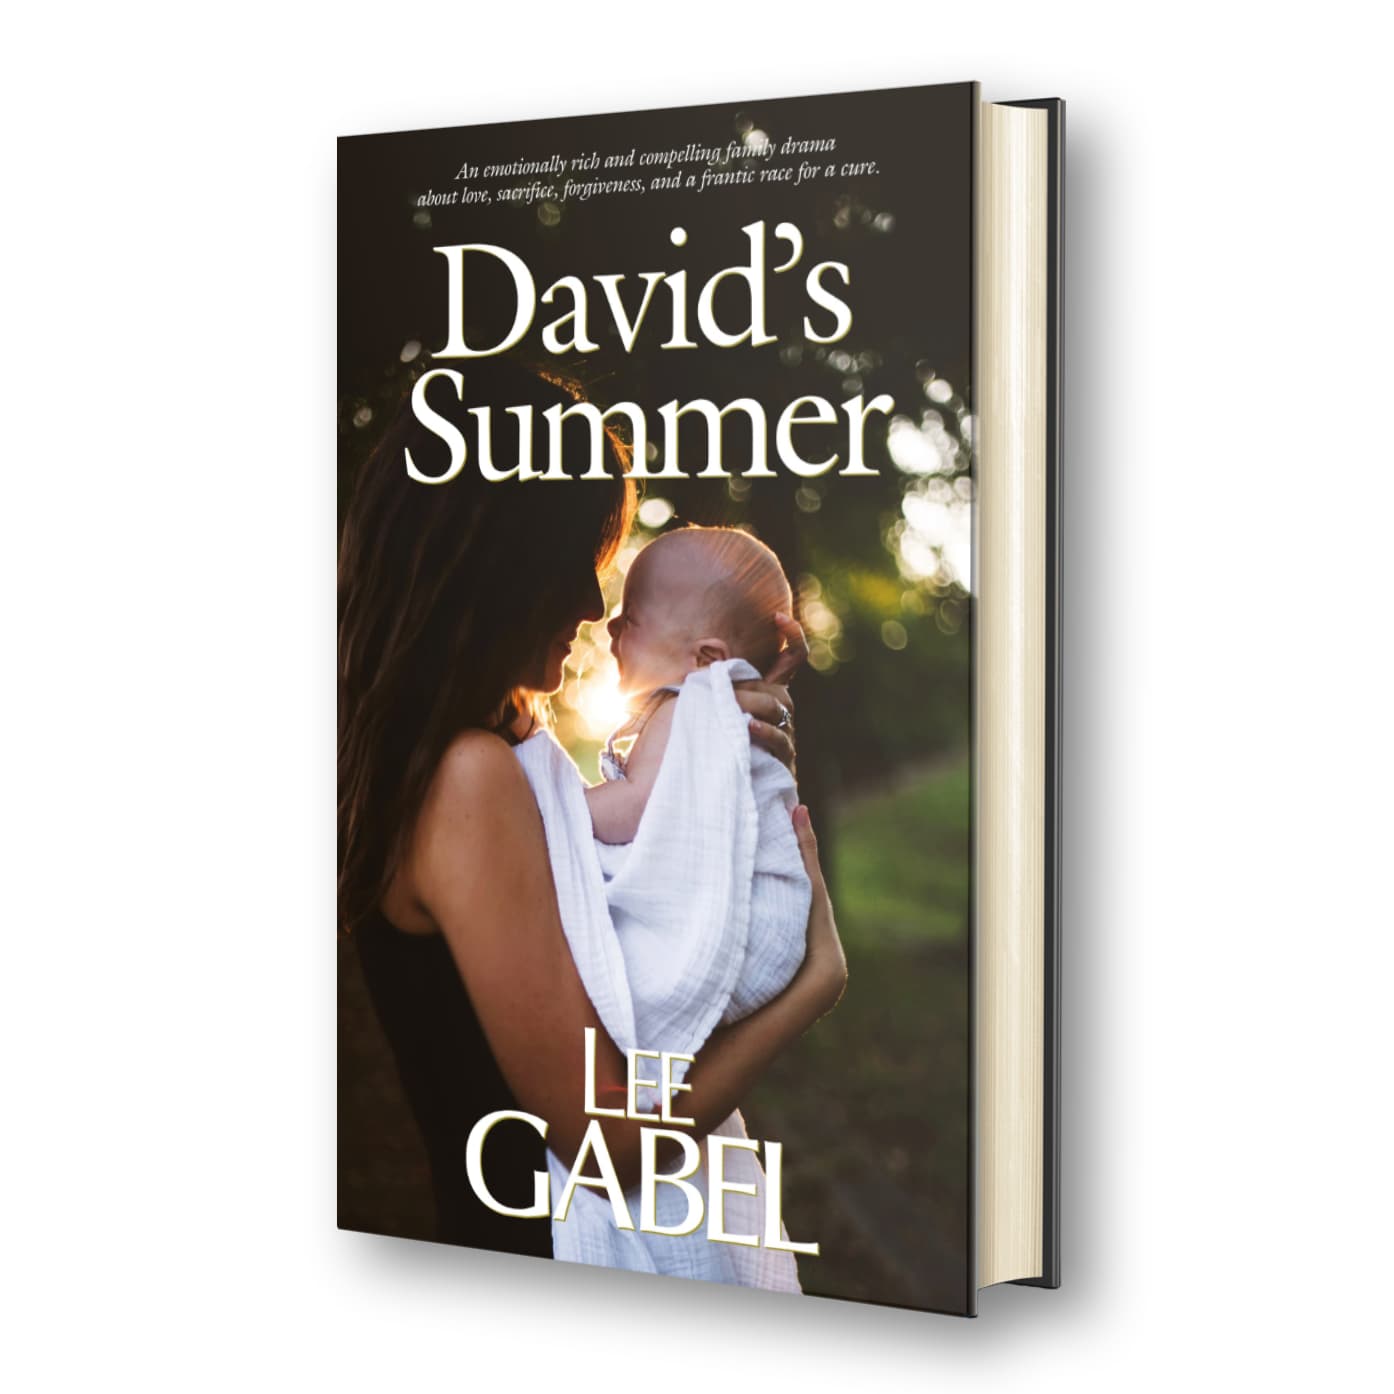 David's Summer virtual hardcover image (318 pages.)
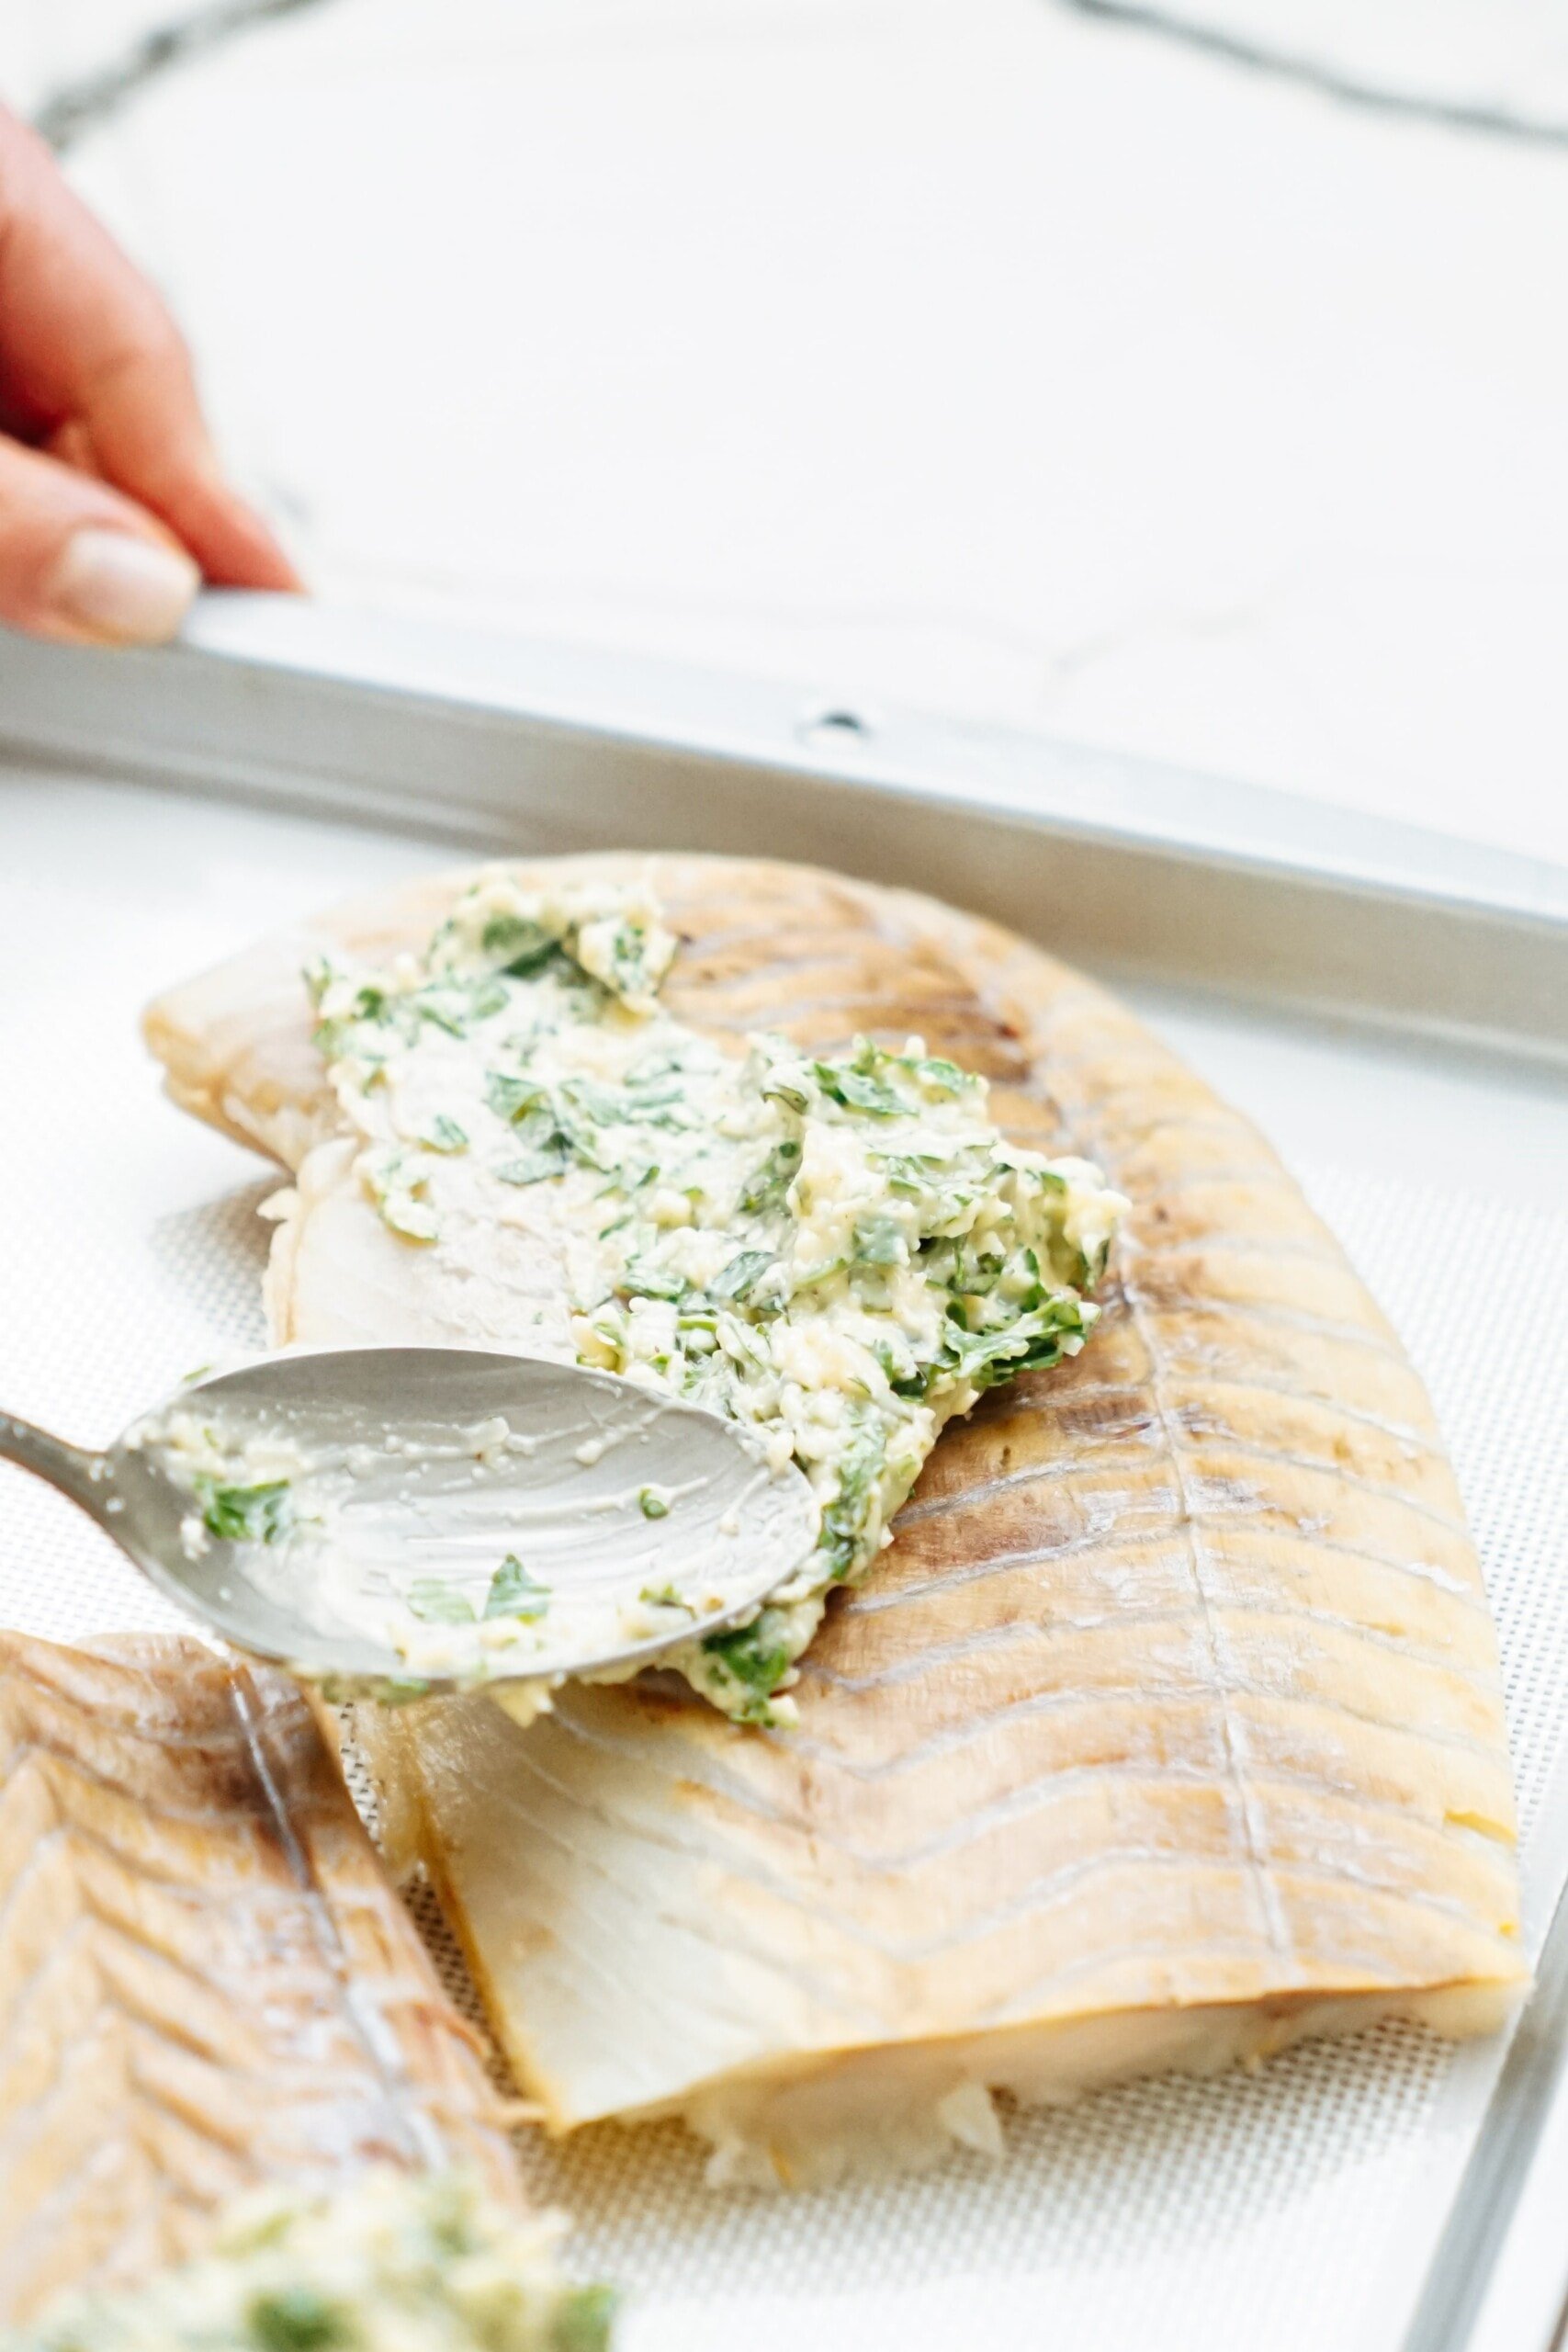 spoon smearing parmesan herb mixture over fish fillets
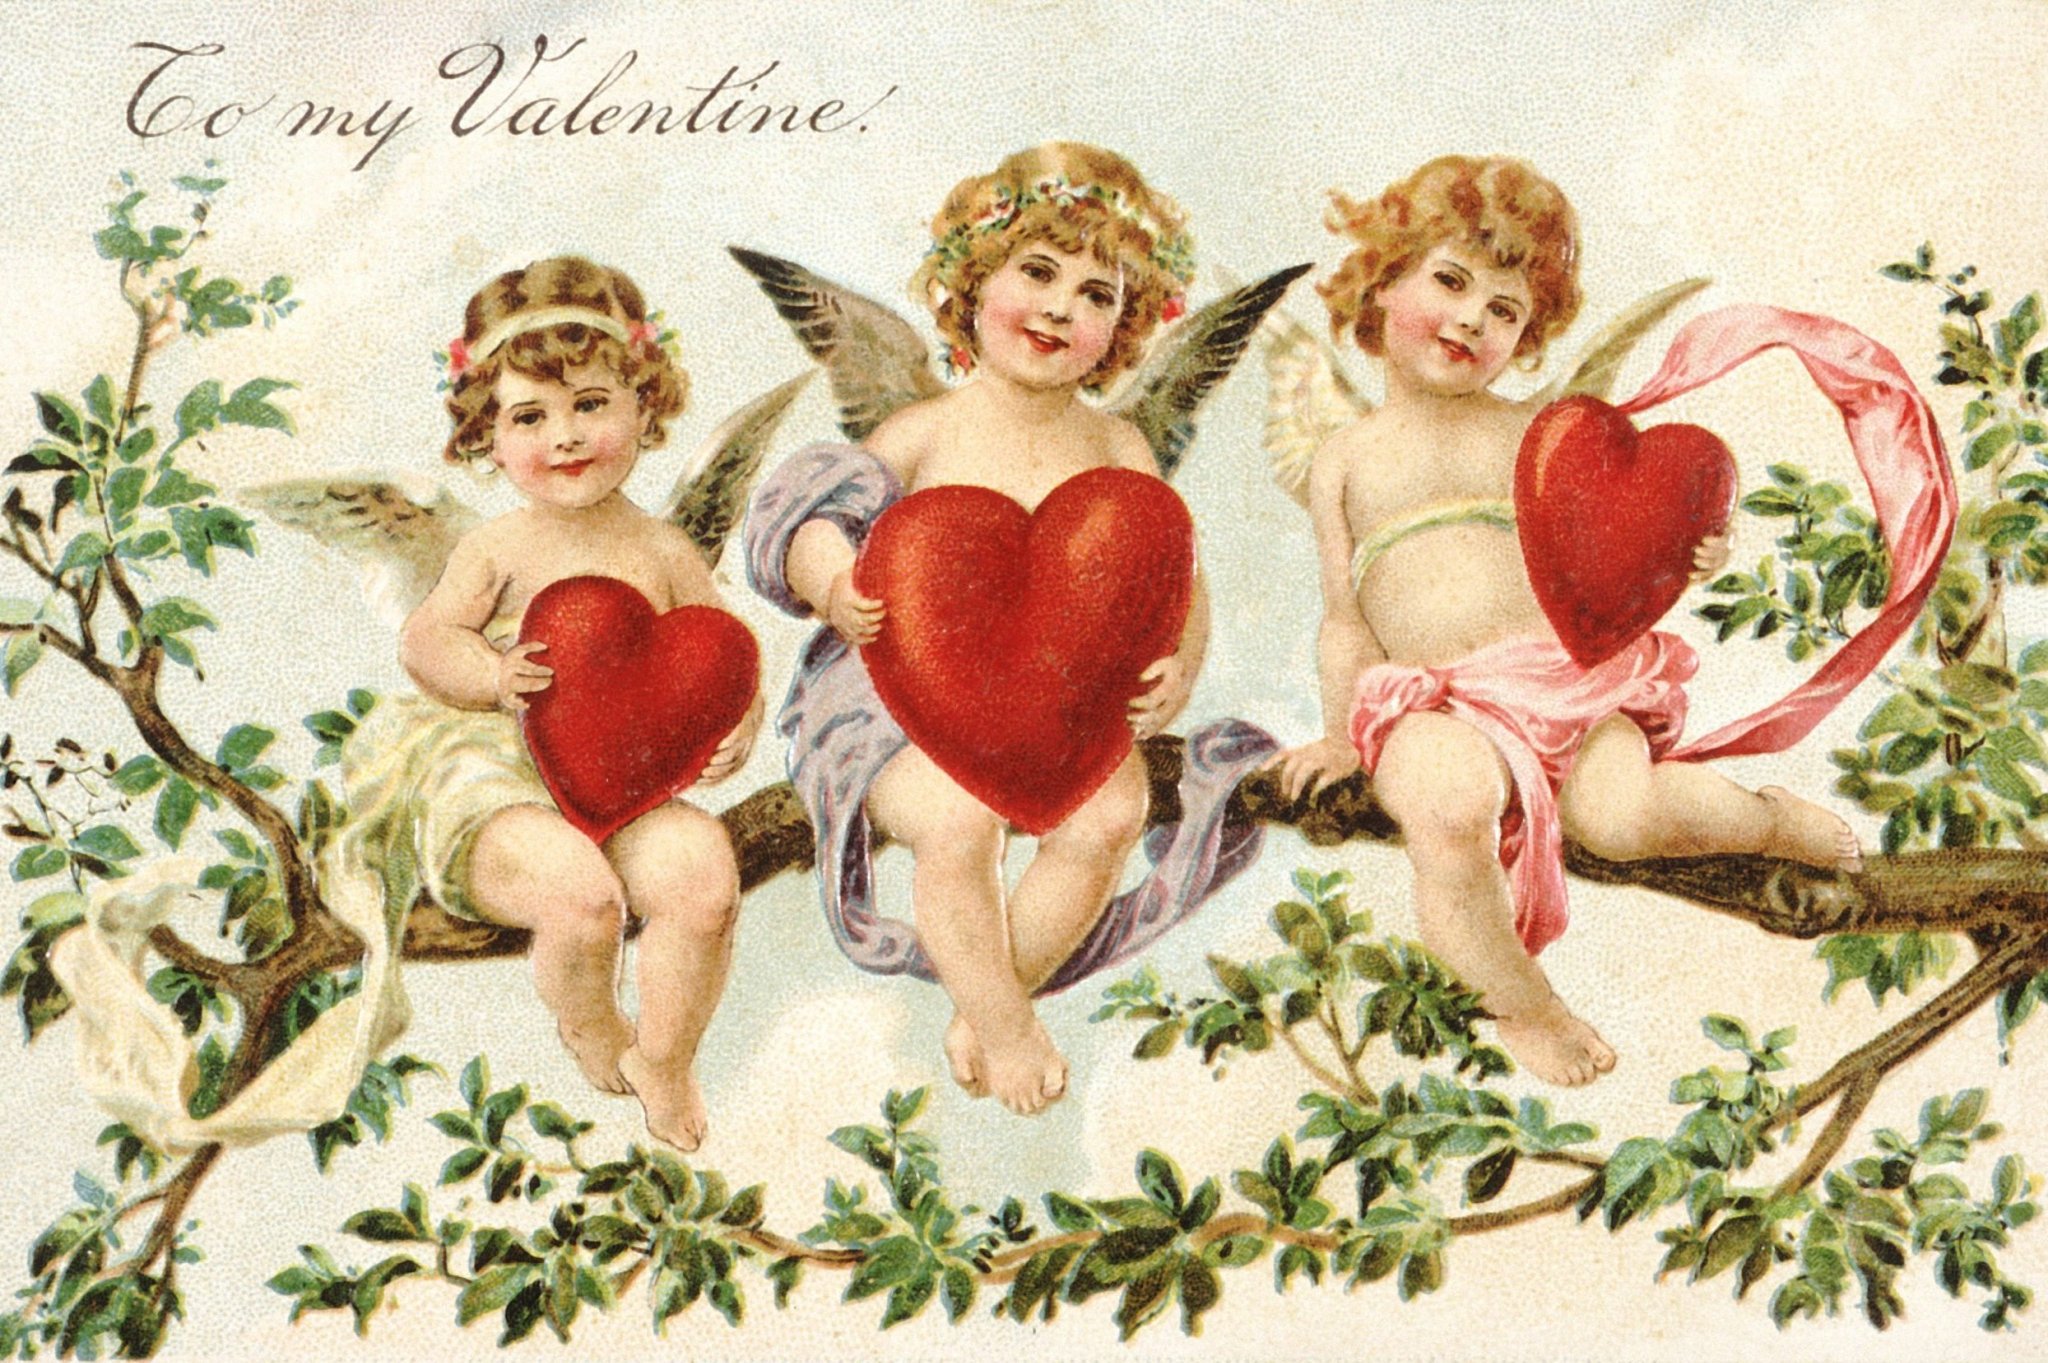 What Is Valentine's Day, and Why Do We Celebrate It?

------------------------------------------------------------------------

Apart from the pictures, the material above has to be repeated exactly.

**RESULT OF THE EXERCISE:**
 David's Summer virtual hardcover image (318 pages.)
 spoon smearing parmesan herb mixture over fish fillets
 What Is Valentine's Day, and Why Do We Celebrate It?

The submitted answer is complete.